Fresh debts push LBC to net loss in 9 months

Based on its financial report, LBC Express incurred a net loss of P240.86 million from January to September, a reversal from its profit of P242.38 million a year ago.
Businessworld / File

MANILA, Philippines — Express courier LBC Express Holdings Inc. fell to a net loss in the nine months to September as the company borrowed fresh loans from local banks for project funding.

Based on its financial report, LBC Express incurred a net loss of P240.86 million from January to September, a reversal from its profit of P242.38 million a year ago.

While LBC Express slashed expenses by three percent to P8.3 billion, this was offset by a three-percent reduction in revenue to P10.58 billion.

Likewise, LBC Express hiked its interest expense by eight percent to P420.26 million as of September, from P388.45 million a year ago. The courier availed itself of more than P82 million in loans in the third quarter alone to fund its capital expenditures.

Broken down, LBC Express borrowed P45.71 million from the Rizal Commercial Banking Corp. (RCBC) in August, to be paid immediately in October. Afterward, the company secured another loan from RCBC, worth P26.47 million, this time maturing in May 2025.

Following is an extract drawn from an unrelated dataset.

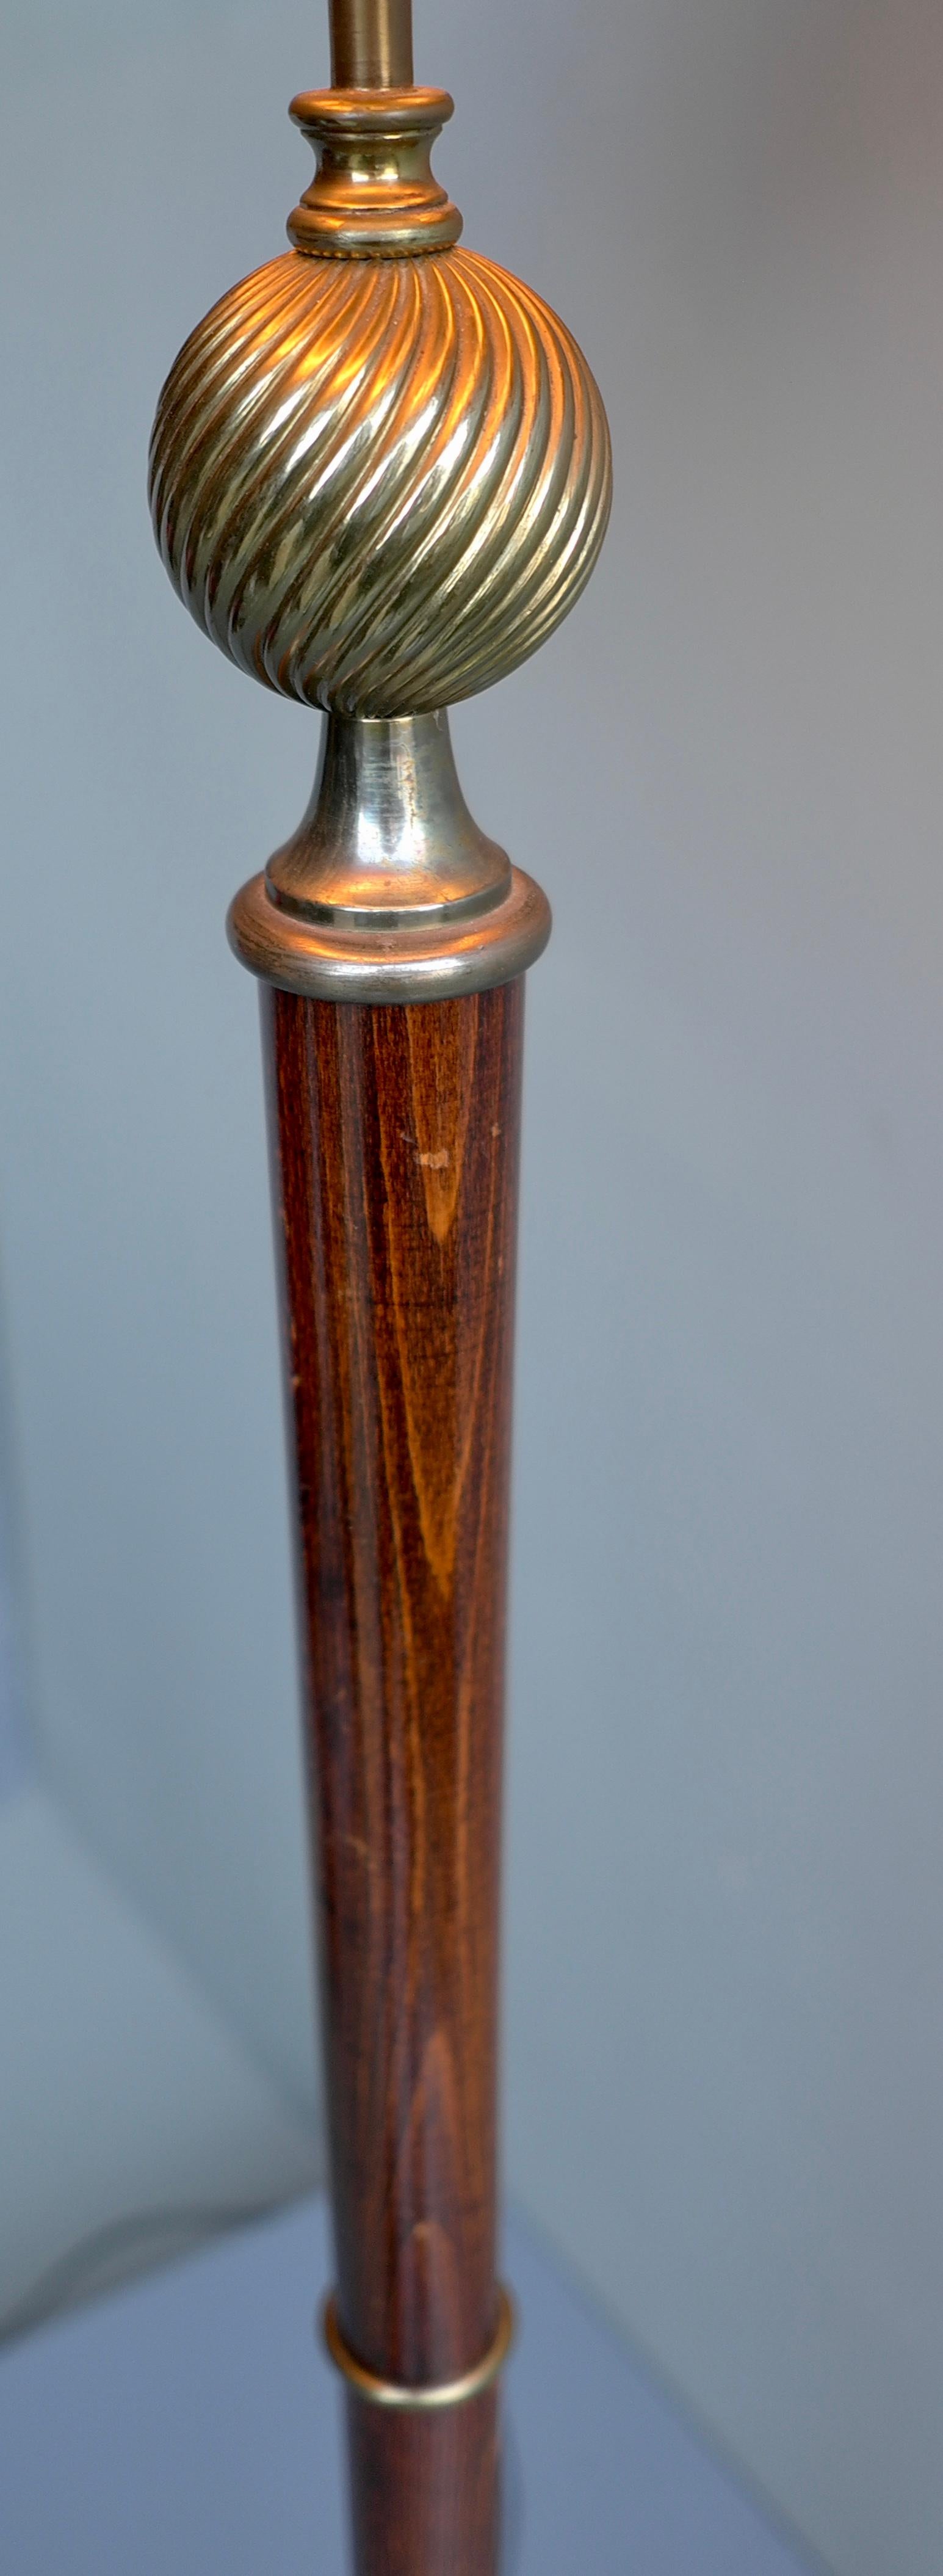 Art Deco Floor Lamp in Walnut Wood, with Fine Brass Details, France 1930's For Sale 2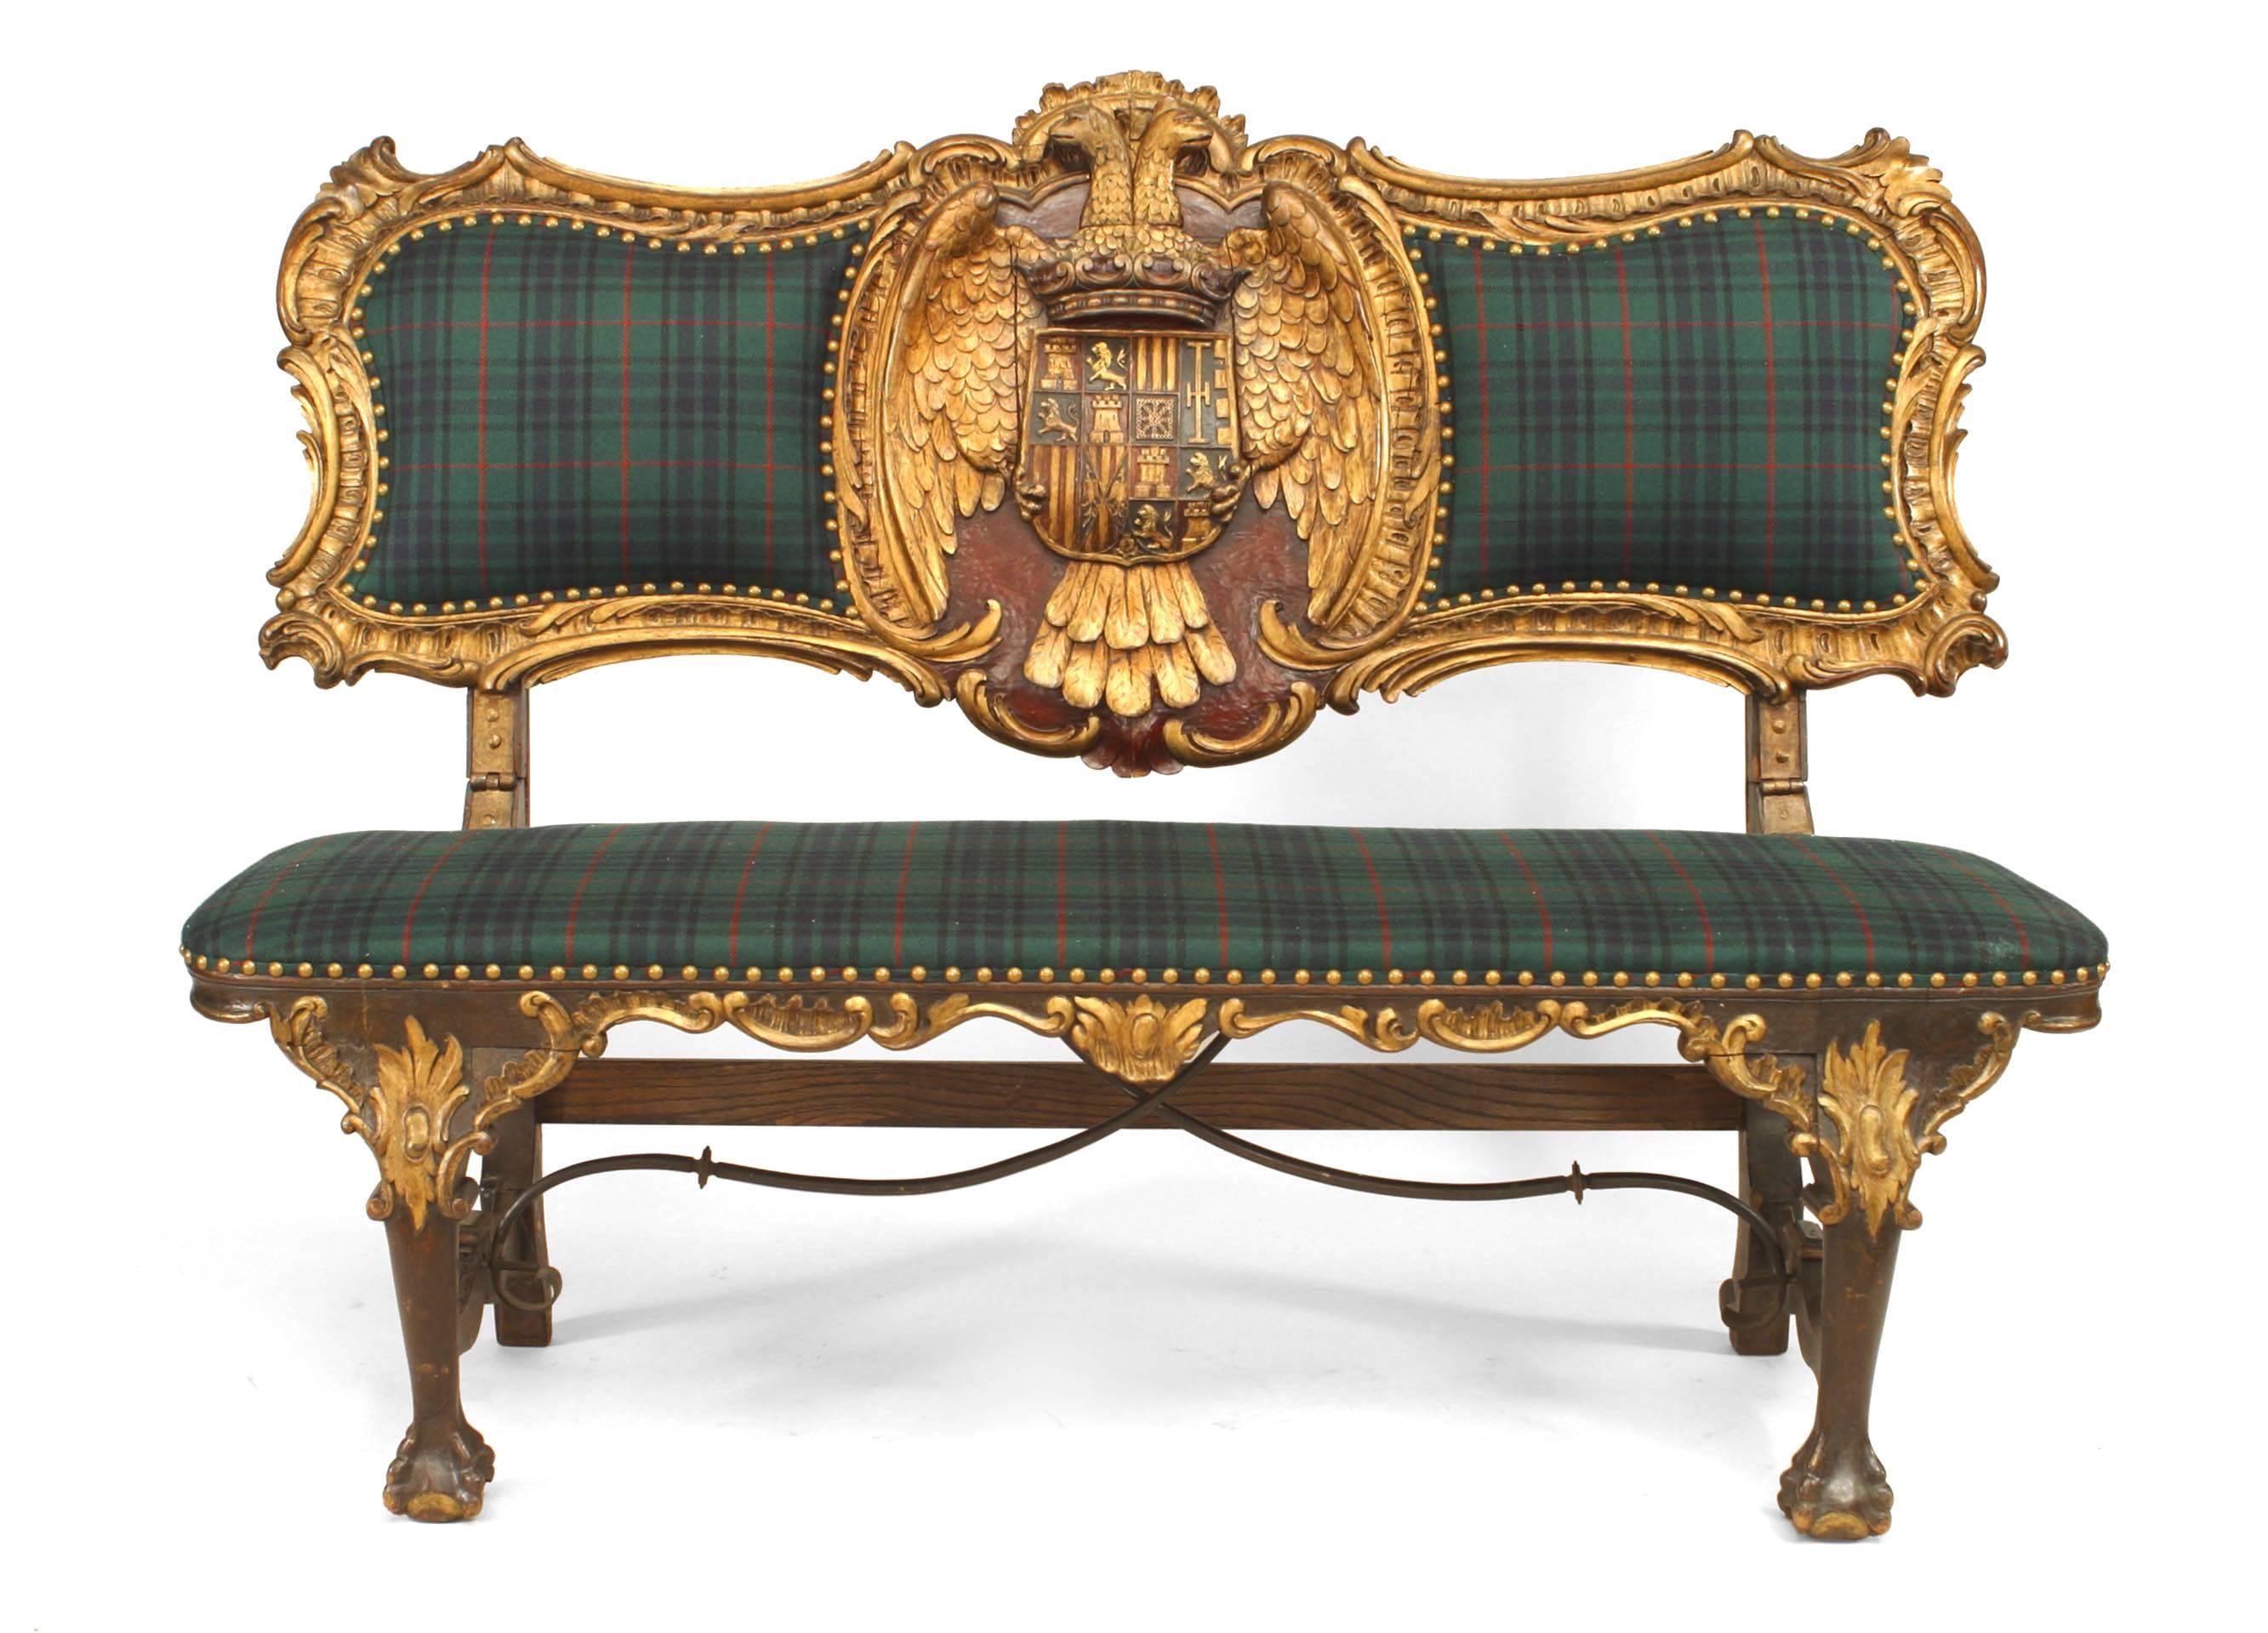 Austrian Hungarian (19th century) walnut and gilt trimmed loveseat with a back featuring a double eagle head crest between two upholstered panels and wrought iron stretcher.
  

LBC Express also borrowed P10 million from BDO Unibank Inc., payable in March 2025.

As fresh debts were obtained, LBC Express paid portions of its maturing loans, including P7.98 million and P2.2 million owed to the Union Bank of the Philippines.

As of September, LBC Express has assured its shareholders that the courier is compliant with all of its debt covenants.

Revenue-wise, LBC Express said its retail segment fell by six percent, but the company posted a 10-percent jump in its corporate accounts. The courier sources the bulk of its earnings from cash transfers and door-to-door deliveries here and abroad.

LBC Express also cut its expenditures to mitigate the impact of declining revenue to its finances. The courier reduced business costs by five percent and maintenance costs by eight percent.